アオーソア.1
言うならば、津波だった。
大きいもので小山ほど、小さいもので木ほどの大きさだが、それがまぜこぜで絶えず押し寄せてくる。
それらを防衛軍と接触する前にザラキが精霊と組んで蹴散らし、小さく素早いためにザラキの攻撃を逃れたものをナリータが殲滅していった。
羽の生えた虫も見受けられたが、それもナリータの使い魔によって叩き落とされていた。
虫の形状が変わってきている。
前見たときは殆どが芋虫か、防御力の高い団子虫型であったが、脚が長くなってきているもの、羽の生えたもの、長くなったものと多種多様になってきている。
ゾッとした。もしやこいつら、何処かで卵を生んで繁殖しながら姿を変えているのではなかろうか?
「ザラキさん!そっちいきました!!」
「おう!」
空中でバランスを取りつつ身を捻る。
すぐさま纏威を拳に集めて振りかぶる。
「ふんっ!!」
凄まじい爆発音と共に大きく口を開けて襲い掛かってきていた羽虫が外殼が半壊し、軋む音を立てながら落下していく。
「……なかなか硬いな…」
纏威で殴って内部まで届かなかった。
地面に落下して潰れると動かなくなったが、もしあれが現れるのが早かったら、人族はもっと早くに滅ぼされていたかもしれない。
何せ、団子虫は攻撃が出来る。だが、空に逃げられたら攻撃の手段を失うものが殆どだ。戦いが無事終わったとしても…。
「…後処理が大変そうだな」
── どーーーん……
「?」
振り替える。
なんだ?何かの音が聞こえたが。
再び音がした。だが、今度は先程よりも大きく、強い。
その時、音のした方向から何かが天高く打ち上げられた。
それは大きく大きく弧を描き、真っ直ぐこちらへと突っ込んできた。
「………!?」
慌てて回避すると、への字に折れ曲がった団子虫型の魔物であった。それが地面に湧いていた虫達を押し潰して引きずった。
胴体には何かで殴られたかのような大きな窪みができていた。ザラキでさえあんなことはできない。
再び腹に響く音が聞こえ、地平線の向こうから“虫を殴り飛ばした者”が姿を現した。
形は人間であった。だが、それはあまりにも、あまりにもおおきかった。
「 もぉぉーー、邪魔!! どいてったら!! 」
肩にかついだハンマーを振りかぶり、勢いよく振り下ろした。
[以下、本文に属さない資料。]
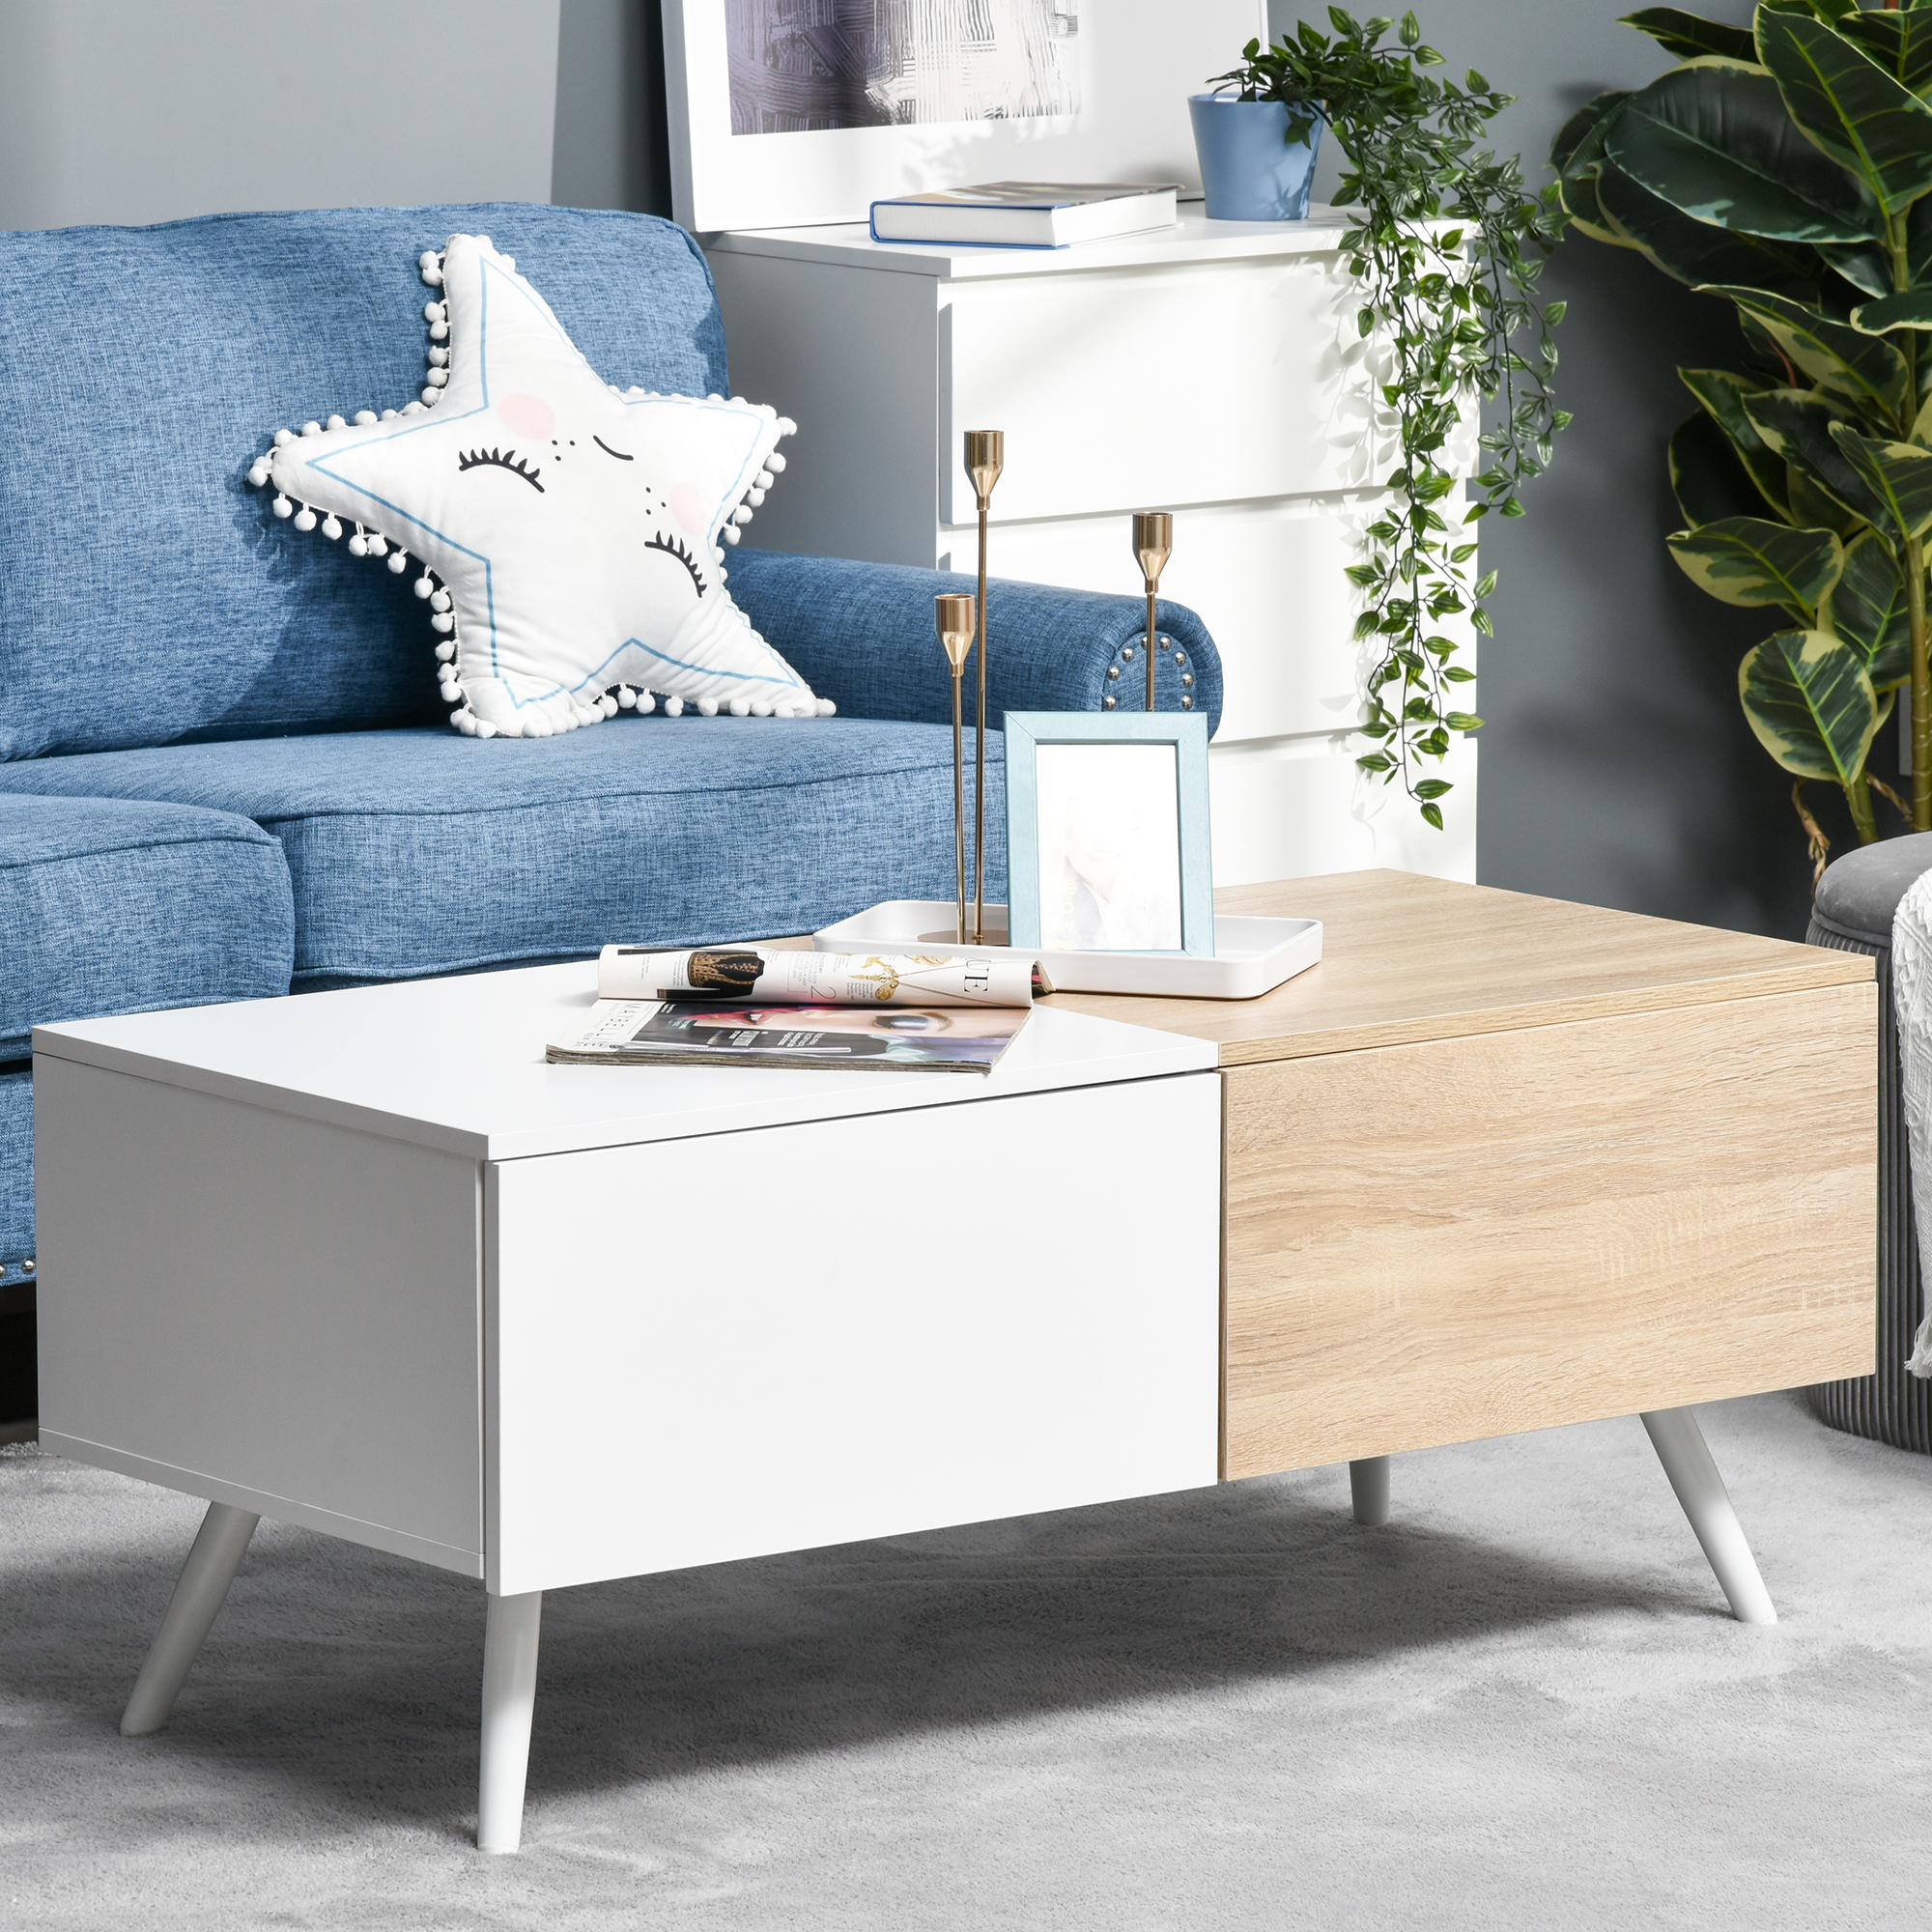 Table basse rectangulaire 2 tiroirs métal MDF blanc bois clair

たったそれだけで周りにいた虫達はひっくり返り、その者から逃げようとするが、その者は次々にハンマーを使い、また足を使って蹴散らしていく。
その圧倒的な力、巨大な体躯にザラキはその者が“何者か”を理解した。
ロッソ・ローデアの巨人。
「……の、女の子」
厚手の民族衣装を身に纏った、ボブカットの女の子だった。
歳はまだ成人していない頃の見た目である。だが、その背丈は15メル(15m)はあったが。
虫達は女の子を見るや逃げ出していたが、女の子は執拗に虫を追い掛けて蹴散らしていく。どいてと言いつつ追い掛けて潰していく。それはもう「親の仇か?」と疑問が浮かぶほどだ。明らかにもう追い付けない所にいる虫でさえ、足元にいる虫をハンマーで殴り飛ばして当てていく。
ザラキの頭のなかに、巨人族は虫が嫌い、という間違った情報がインプットされた。
最後の一匹を踏み潰して、女の子による大虫の殲滅が完了した。
ふう、と、女の子が一息吐き、辺りを見回し始める。
こちらを向きザラキと目があった。
「 …あ、と、その… 」
じわりと目元に涙が溢れるのを見て、ザラキはぎょっとした。
女の子に対して何かしてしまっただろうか?それとも顔が怖かったか?
ザラキの近くにいる女は総じて強い為、泣かれると言うことが殆ど無い。その為、ザラキは目の前で涙ぐむ女の子にどうして良いか分からずに慌てた。だが。
「 ずみまぜん、 遅刻じまじだぁあーー!!! 」
女の子はハンマー抱き締めて全力で謝罪をした。